Email is passive: Emails sit in your inbox. You might not see them for hours.

PagerDuty is active: Push notifications, phone calls, SMS. It keeps escalating until someone responds.

Incident tracking: Every alert becomes an incident with a lifecycle - triggered, acknowledged, resolved. You can see patterns over time.

On-call schedules: Rotate who gets alerted. Essential if you're working with a team.

What We're Building

Our automated setup replaces email-based alert notifications with PagerDuty:

┌────────────────────────────────────────────────────────────────┐
│              AUTOMATED PAGERDUTY INTEGRATION                   │
└────────────────────────────────────────────────────────────────┘

  You add to .env:
    PAGERDUTY_TOKEN=xxx
    PAGERDUTY_USER_EMAIL=xxx


  You run: ./scripts/setup.sh

       ├─► Terraform detects PagerDuty credentials

       ├─► Creates PagerDuty service automatically
       │    (Raspberry-Pi-Monitoring)

       ├─► Creates Grafana integration
       │    (Events API v2)

       ├─► Configures PagerDuty contact point
       │    (replaces email)

       └─► Updates notification policy
            (routes all 5 alerts to PagerDuty)

  Alert fires → PagerDuty incident → Push notification 📱

What happens automatically:

  • PagerDuty service created: "Raspberry-Pi-Monitoring"
  • Grafana integration configured with Events API v2
  • Integration key generated and passed to Grafana
  • Contact point switched from email to PagerDuty
  • All 5 alerts route to PagerDuty incidents

No manual Terraform commands needed! Everything runs via the setup script.

Prerequisites

Before starting, ensure you have:

  • Completed the Grafana Alerts tutorial
  • 5 alerts working (CPU, Memory, Disk, Offline, Temperature)
  • Terraform installed (setup script handles this automatically)
  • Email for PagerDuty account signup

If you haven't set up Grafana alerts yet, complete that tutorial first.

Step 1: Create PagerDuty Account & Get API Token

Sign Up for PagerDuty

Head over to pagerduty.com and sign up for a free account.
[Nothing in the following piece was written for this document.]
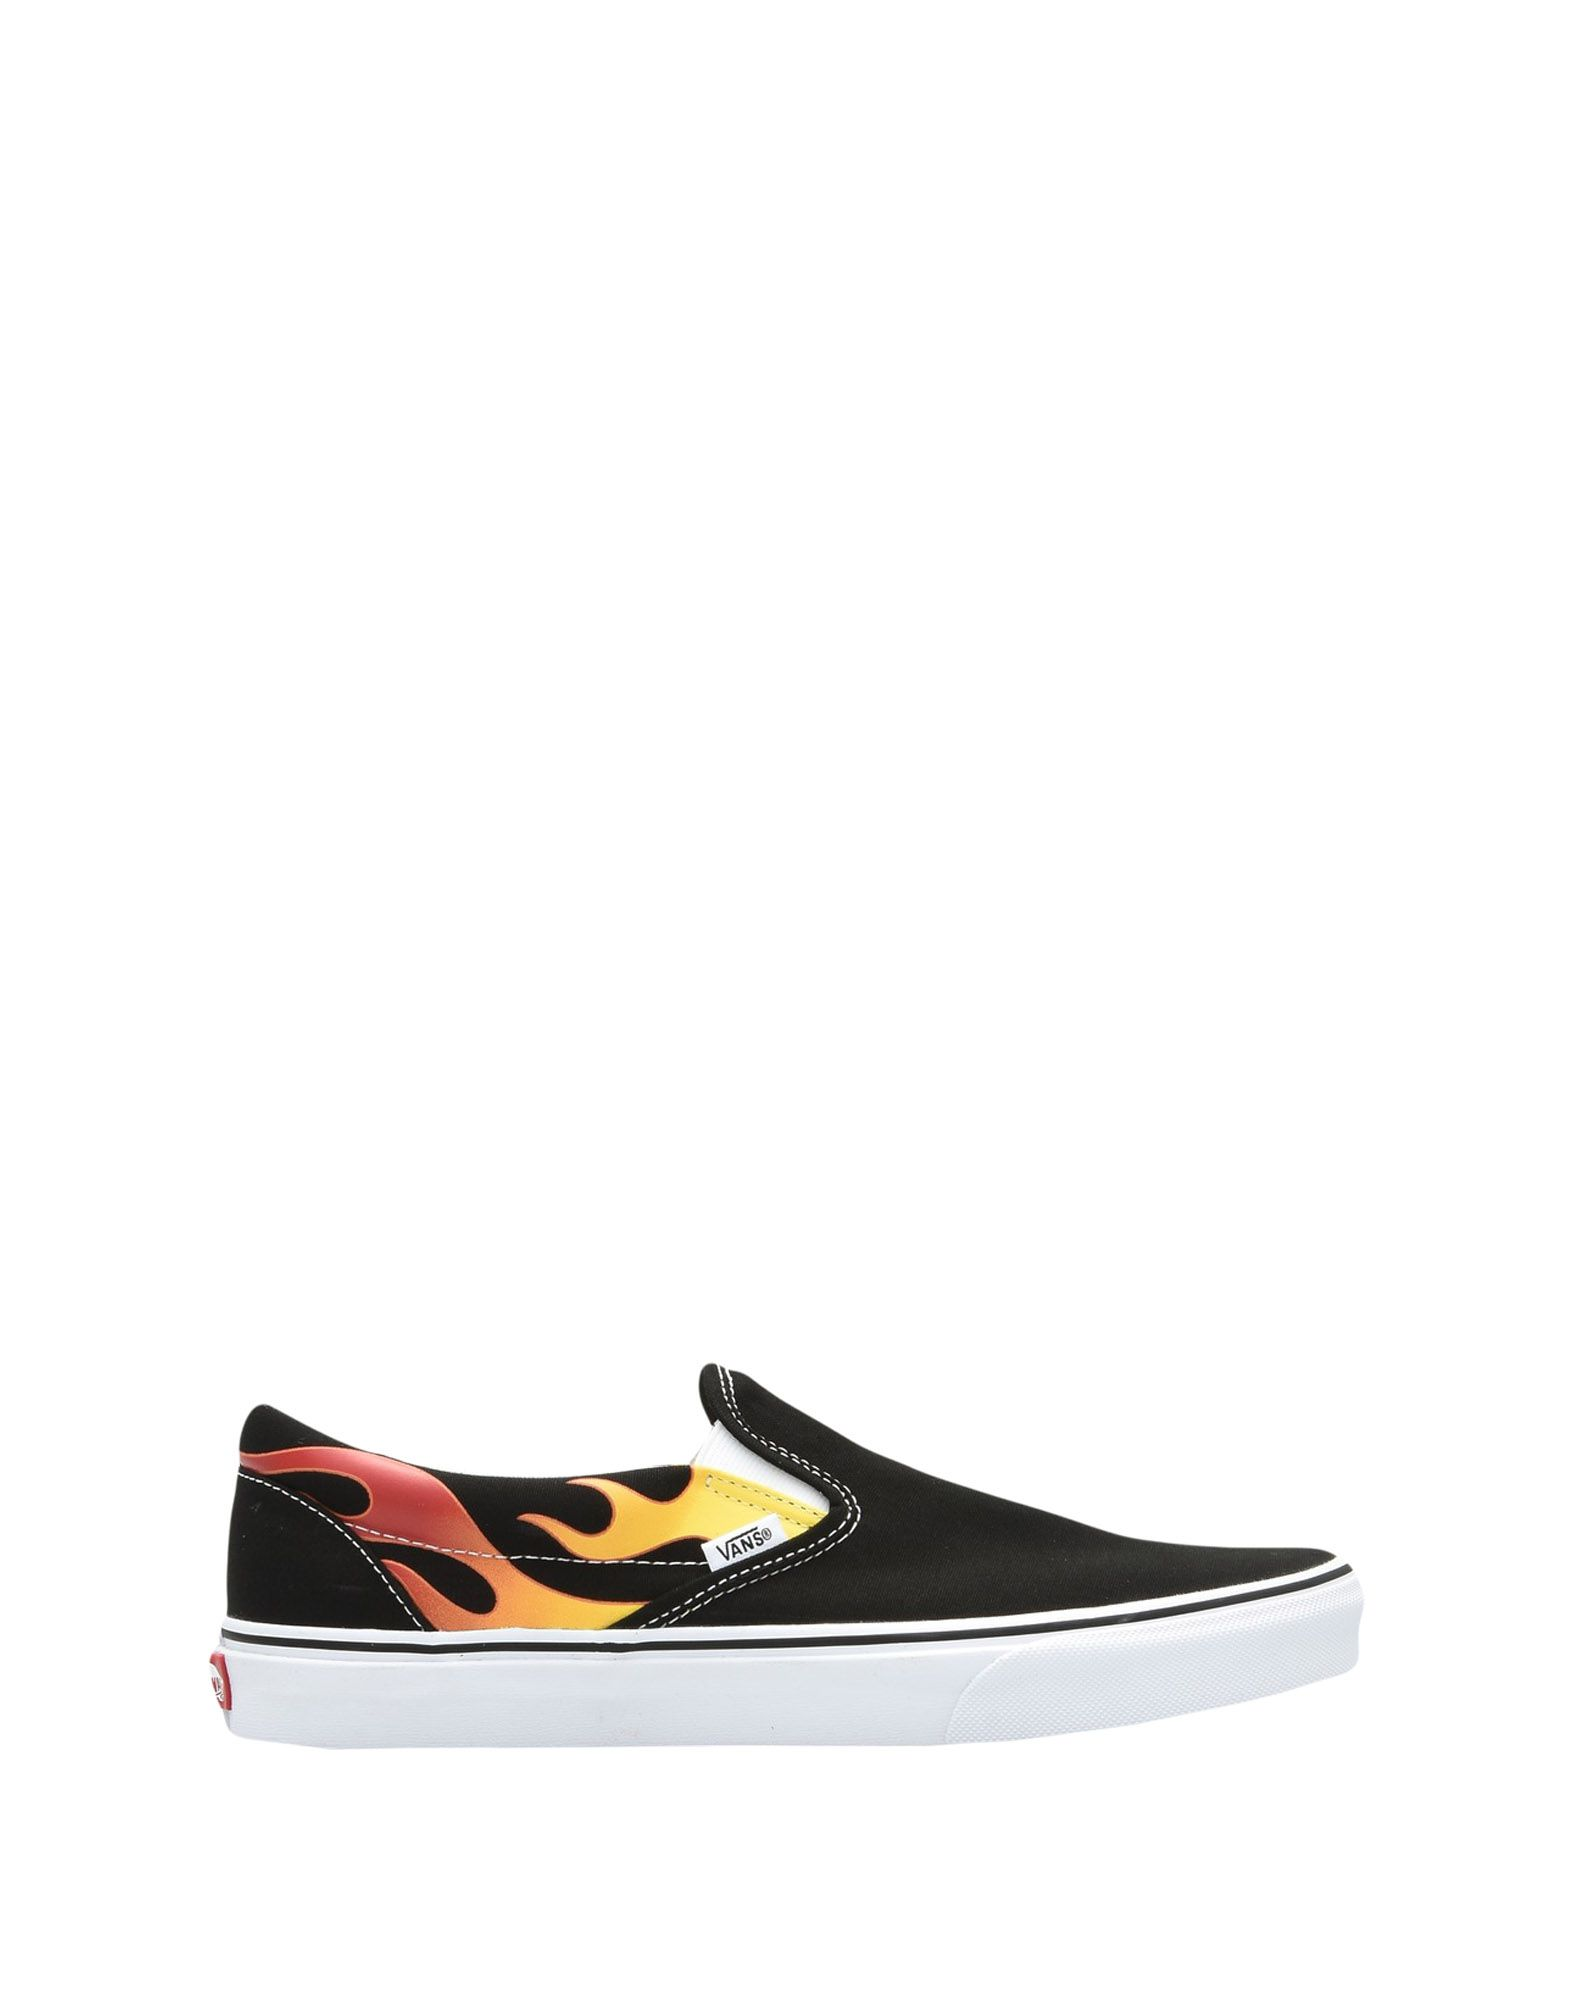 Vans Vans Vans Slip On Flames Pack  11496621HQ Neue Schuhe 1569bb

Choose your region carefully:

  • Europe: Select EU region → URL will be https://yourcompany.eu.pagerduty.com
  • Other regions: Select US → URL will be https://yourcompany.pagerduty.com

Note your region - you'll need it for the .env configuration.

Free Tier Includes:

  • ✅ Unlimited incidents
  • ✅ Mobile app (iOS/Android)
  • ✅ Push notifications
  • ✅ Email notifications
  • ✅ 1 escalation policy
  • ✅ Up to 5 users
  • ✅ 25 SMS per month

Generate API Token

Once logged in to your PagerDuty account:

  1. Navigate to IntegrationsAPI Access Keys (or Developer ToolsAPI Access on some accounts)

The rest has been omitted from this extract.